= Covert incest =

Emotional, sexual, non physical type of child abuse

Covert incest is a form of non-physical sexual abuse.

Examples of covert incest could be the parent sharing intimate, graphic details of their own sex life to the child, practicing voyeurism, exhibitionism, inappropriate sharing of pornographic images, and similar behaviors that, while still being sexual abuse, are described as covert for their intangible nature. Covert incest is often difficult to detect.

Covert incest is often used synonymously with the controversial term emotional incest. Emotional incest, more often described as enmeshment or "surrogate spouse syndrome", refers to a type of harmful relationship in which a parent looks to their child for the emotional support that would be normally provided by another adult. This term describes interactions between a parent and child that are exclusive of sexual abuse.

==Concept==
Covert incest was defined in the 1980s as an emotionally abusive relationship between a parental figure and child that does not involve incest or sexual intercourse, though it involves similar interpersonal dynamics as a relationship between sexual partners.

Defining such relationships as "incest" has led to criticism of the concept for dramatically loosening the definition of incest, making child abuse seem more prevalent than it actually is and being overused and unsubstantiated.

Covert incest is described as occurring when a parent is unable or unwilling to maintain a relationship with another adult and forces the emotional role of a spouse onto their child instead. The child's needs are ignored and instead the relationship exists solely to meet the needs of the parent and the adult may not be aware of the problems created by their actions.

The effects of covert incest are thought to mimic actual incest, though to a lesser degree.
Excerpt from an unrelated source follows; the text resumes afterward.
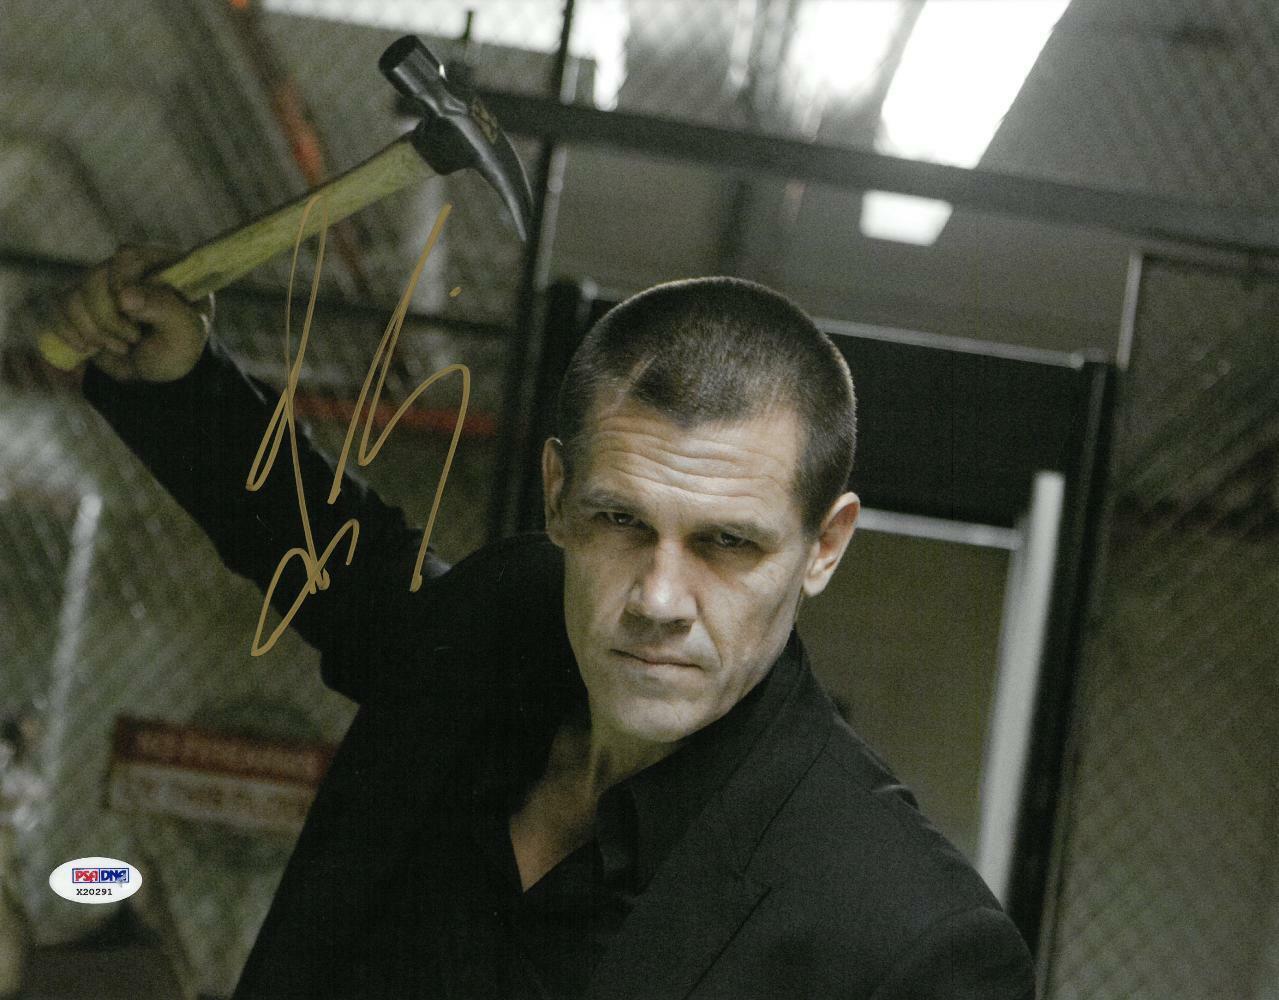 Josh Brolin Signed Oldboy Authentic Autographed 11x14 Photo Poster painting PSA/DNA #X20291

Kenneth Adams, who originated the concept, describes the victims as having anger or guilt towards parents and problems with self-esteem, addiction, and sexual and emotional intimacy.
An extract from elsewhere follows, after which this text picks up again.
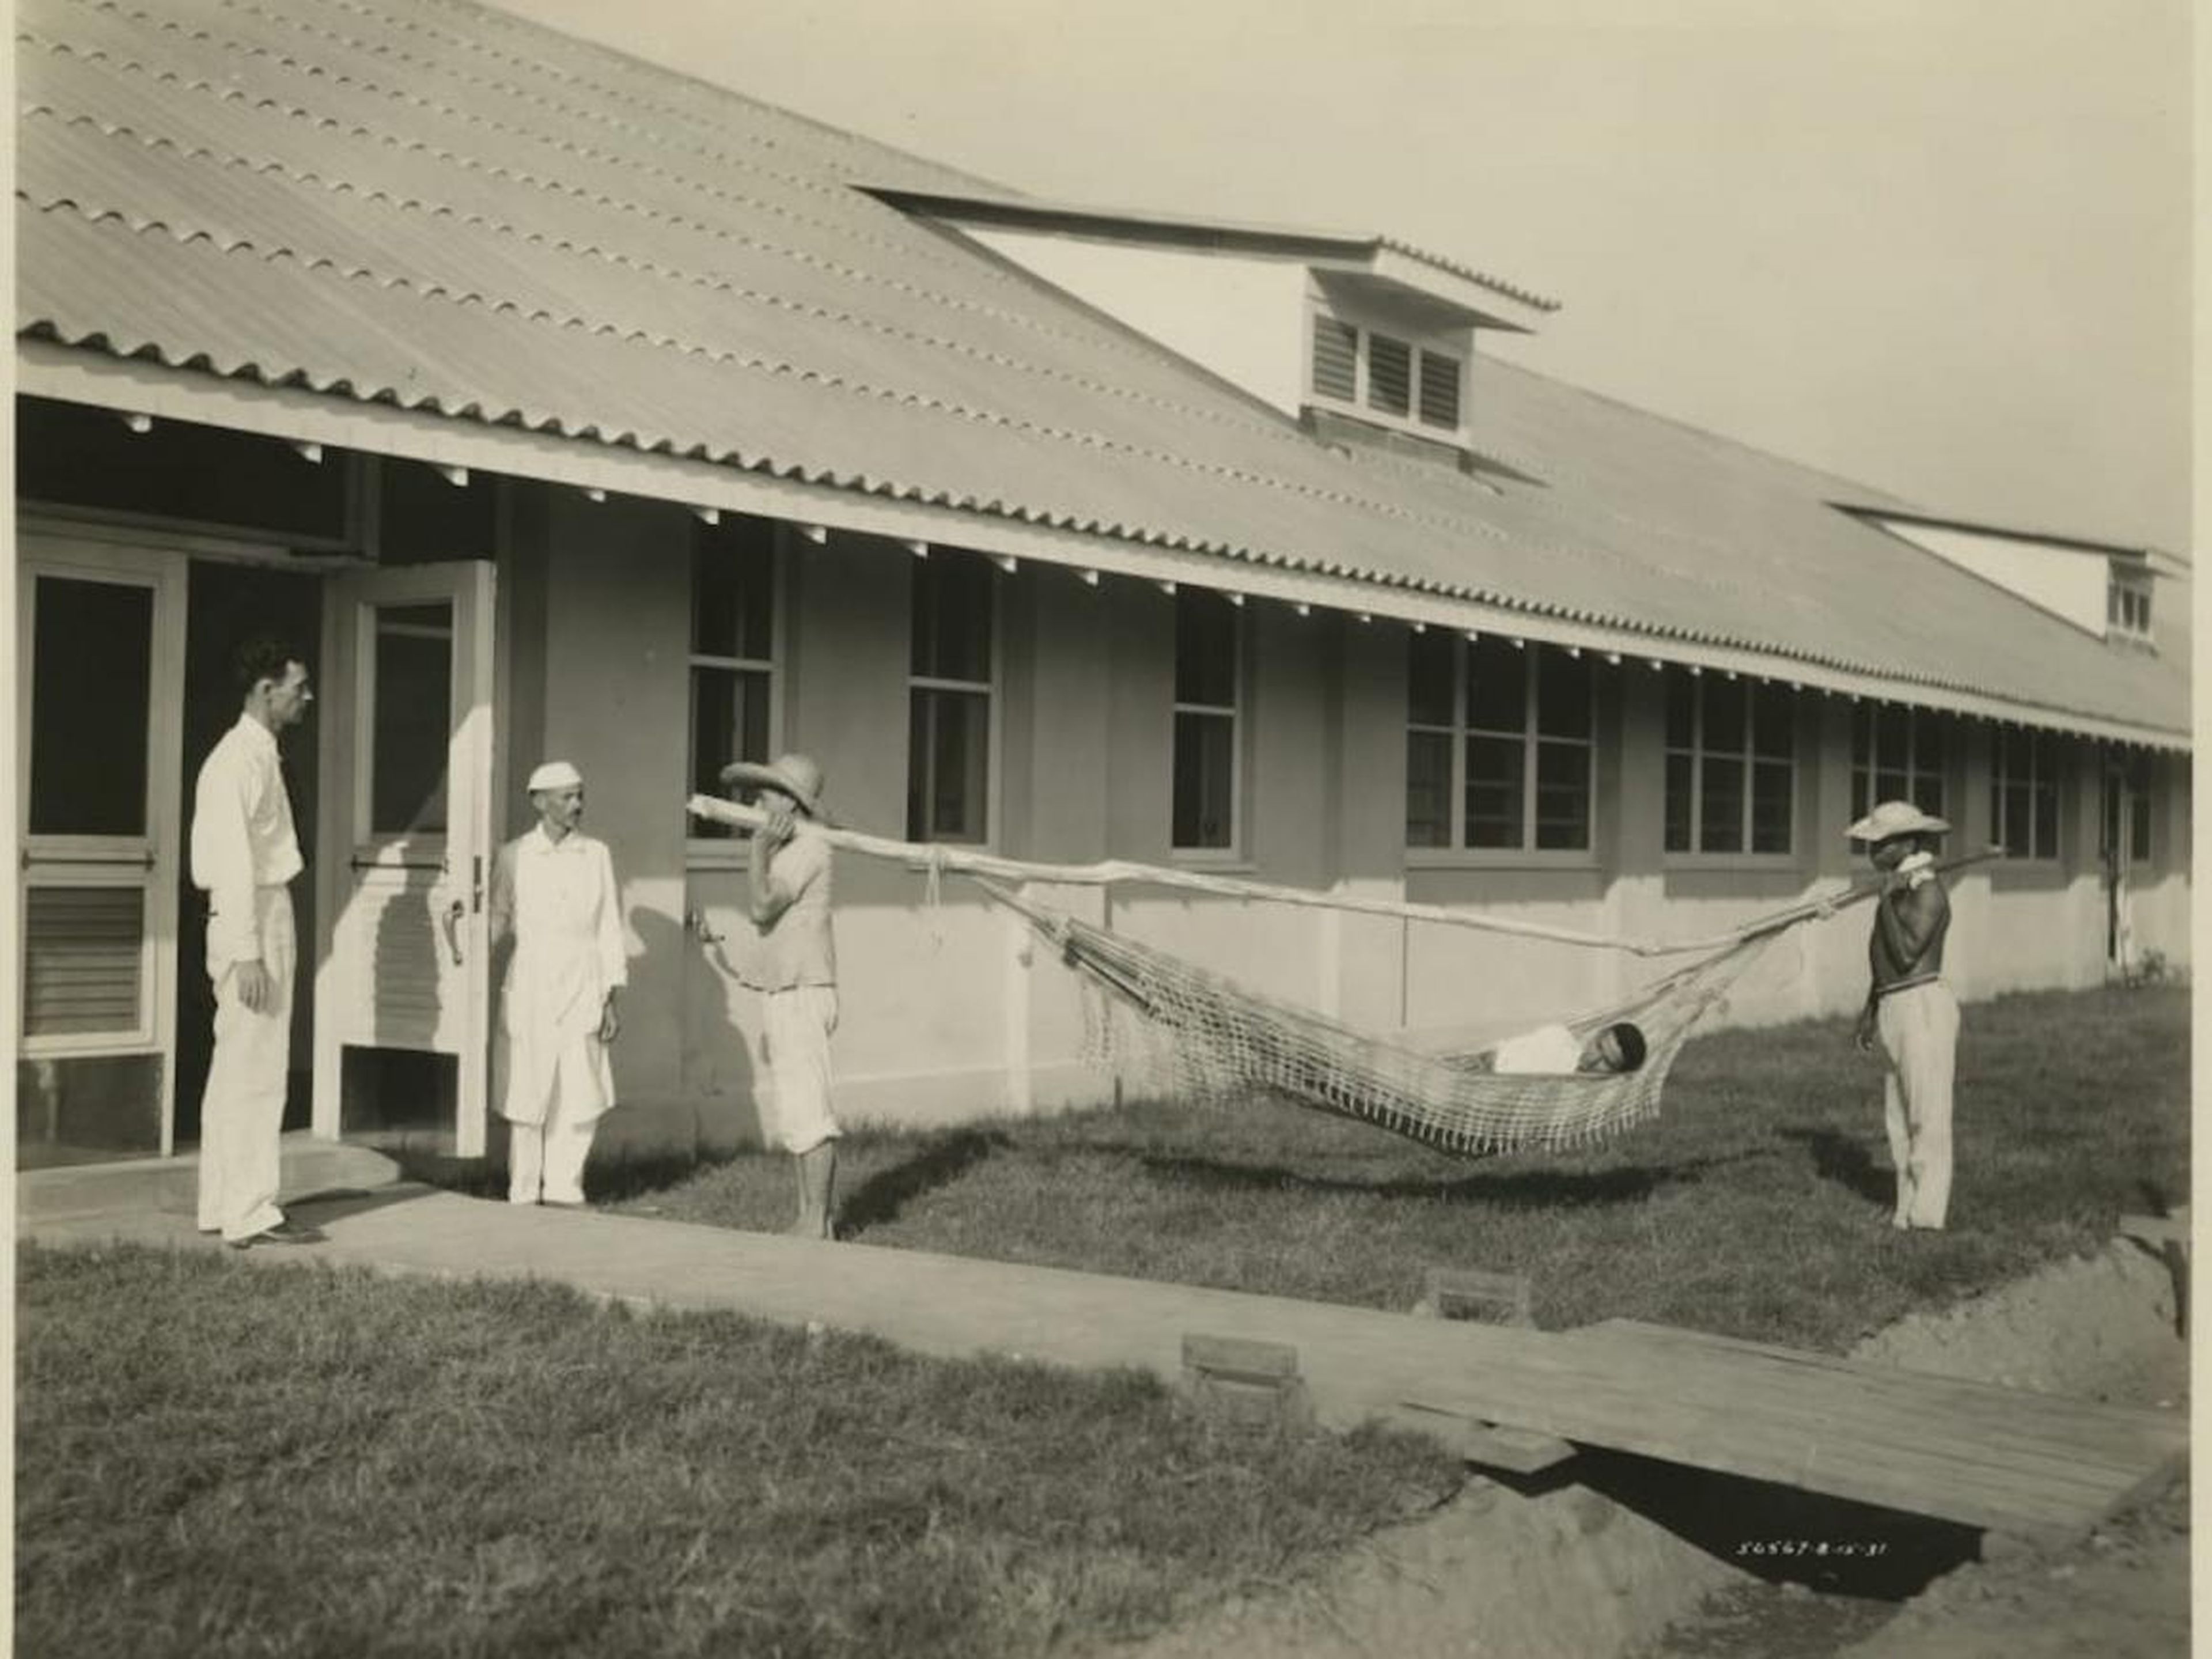 A Brazilian being brought to the hospital in Fordlandia to receive treatment.

Psychotherapist Roni Weisberg-Ross has noted that the term may not be particularly useful, since it can lead to attributing nearly any possible dysfunctional relationship or problem, becoming "a catchall, watered-down diagnosis". Ross also criticizes the term for its emphasis on children meeting parents' "unmet needs", noting that children often meet the emotional or other needs of parents, with relationship boundaries frequently blurring and no definition of when this leads to permanent damage or harm.

Jungian analyst and author Marion Woodman describes covert incest as "unboundaried bonding" in which the parent or parents use the child as a mirror to support their needs, rather than mirroring the child in support of the child's emotional development.

Alcoholism and other substance addictions are also associated with the occurrence of covert incest.